§ **WHAT TO WORK ON**
All that should be output is the block of lines below from the line with "Chilli helma Inmold černá S (53-55 cm)" to the line with "沂蒙大地上 有一种舞蹈叫飞天 这是几位临沂女孩的杰作 美轮美奂 ..._图1-9", both included, exactly as written.

§ **DATA FOR PROCESSING**
== Segment start ==
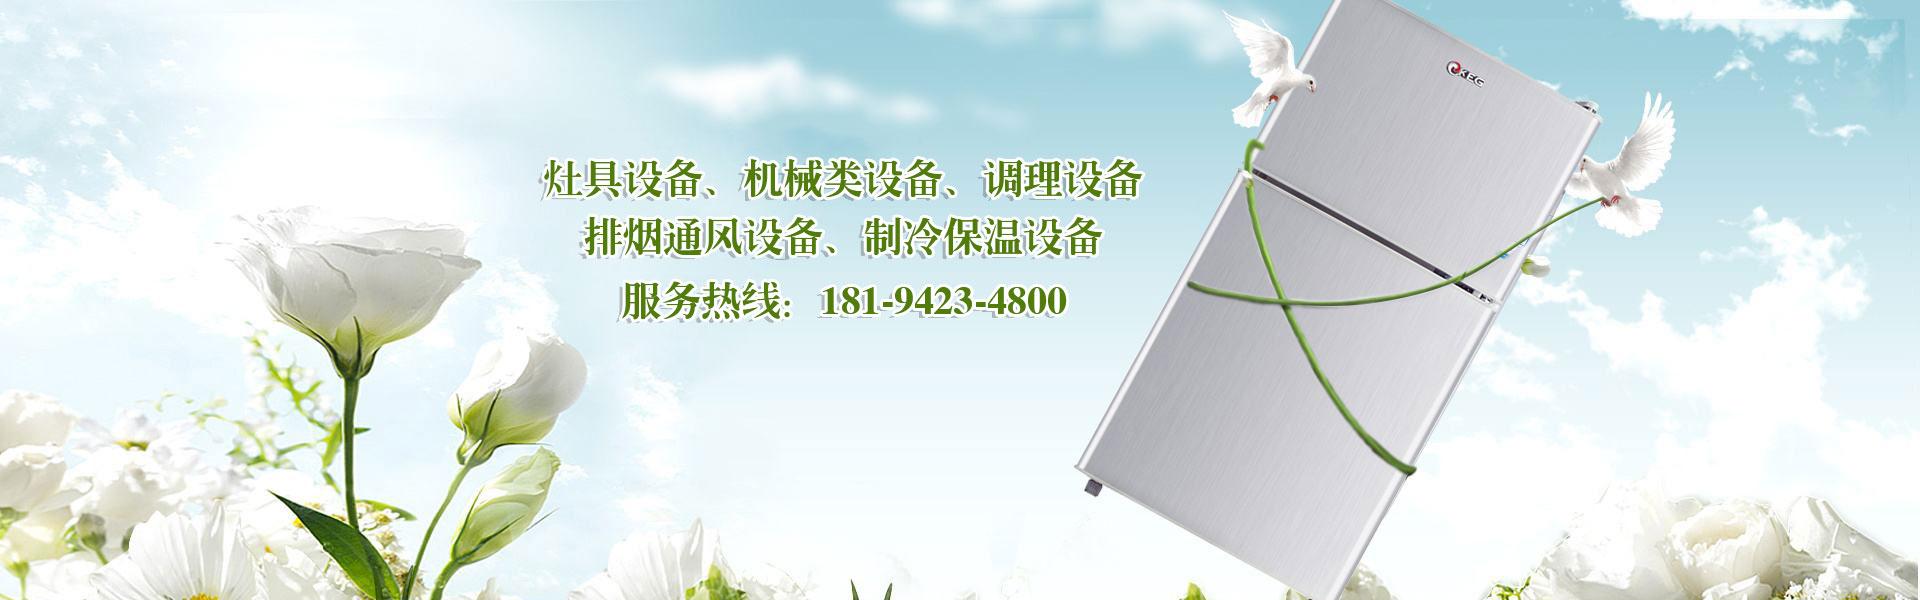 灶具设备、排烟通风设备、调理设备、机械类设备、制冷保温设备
== Segment end ==
== Segment start ==
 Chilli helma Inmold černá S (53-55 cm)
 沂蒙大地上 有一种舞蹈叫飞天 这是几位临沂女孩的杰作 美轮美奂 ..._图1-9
== Segment end ==
== Segment start ==
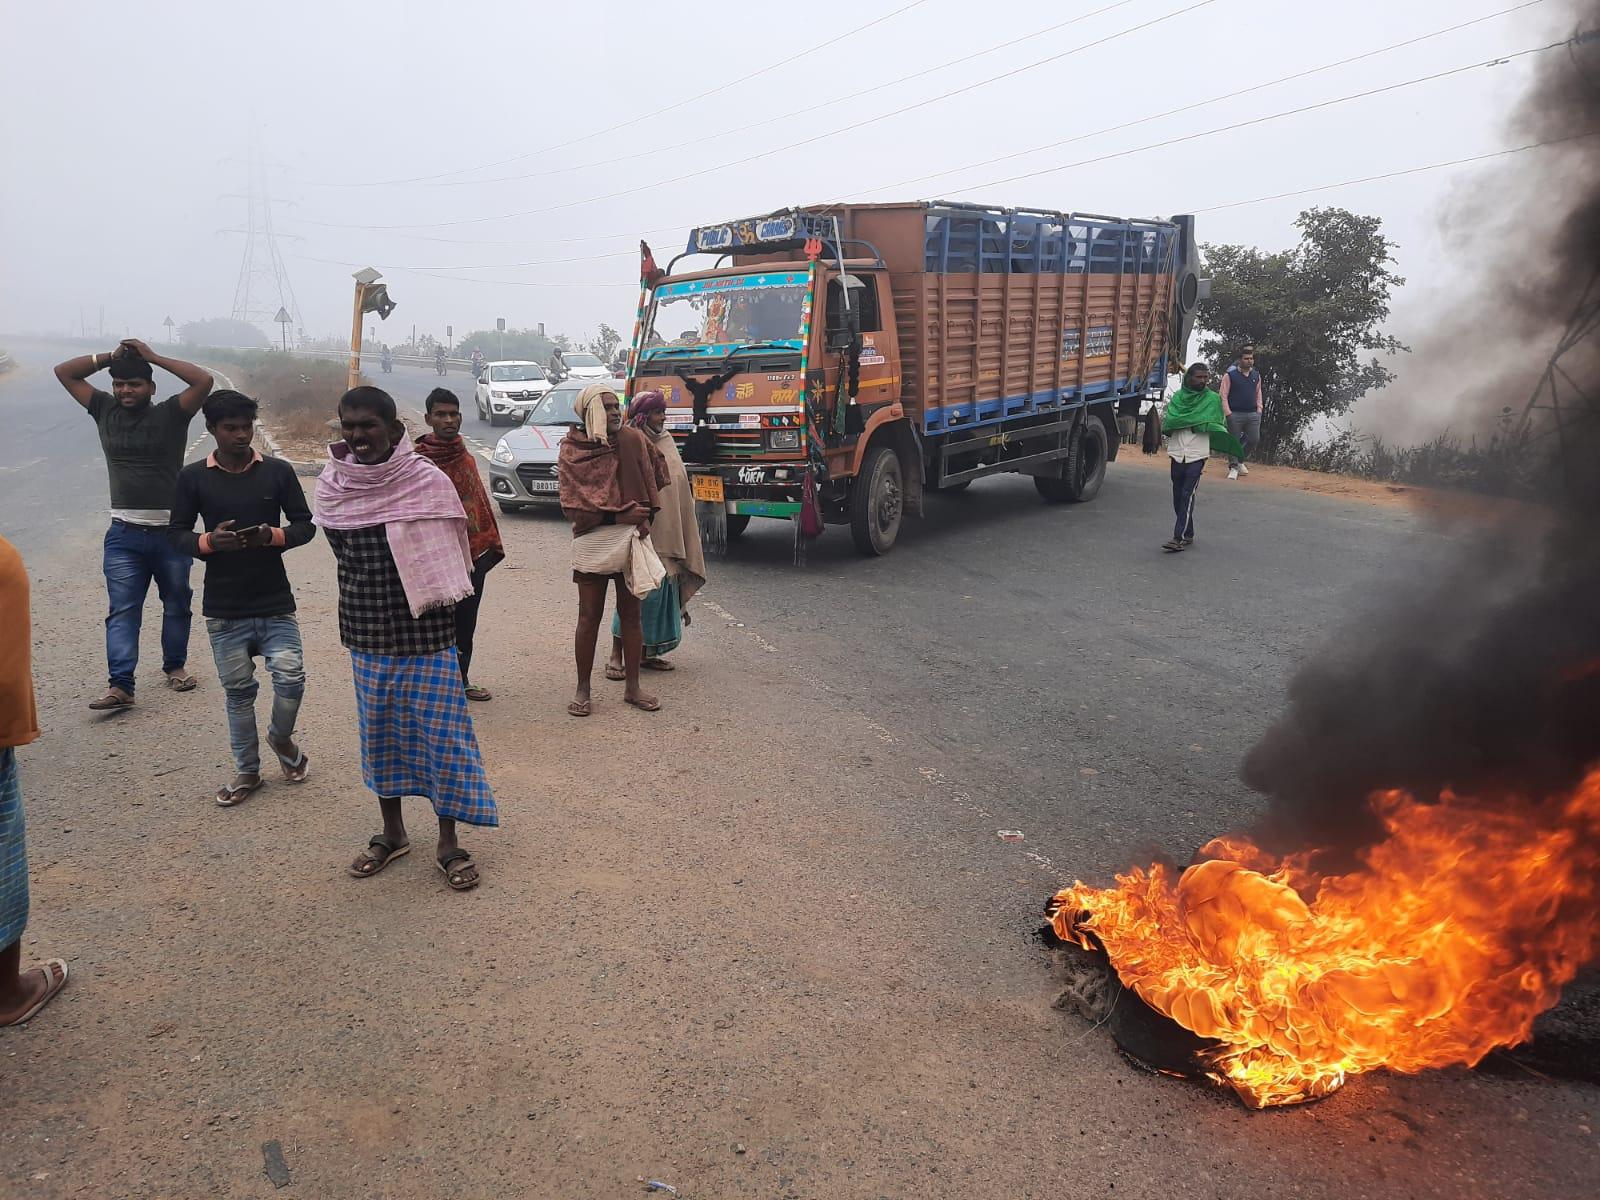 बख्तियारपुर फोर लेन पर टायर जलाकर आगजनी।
== Segment end ==
§ **ANSWER SPACE**
 Chilli helma Inmold černá S (53-55 cm)
 沂蒙大地上 有一种舞蹈叫飞天 这是几位临沂女孩的杰作 美轮美奂 ..._图1-9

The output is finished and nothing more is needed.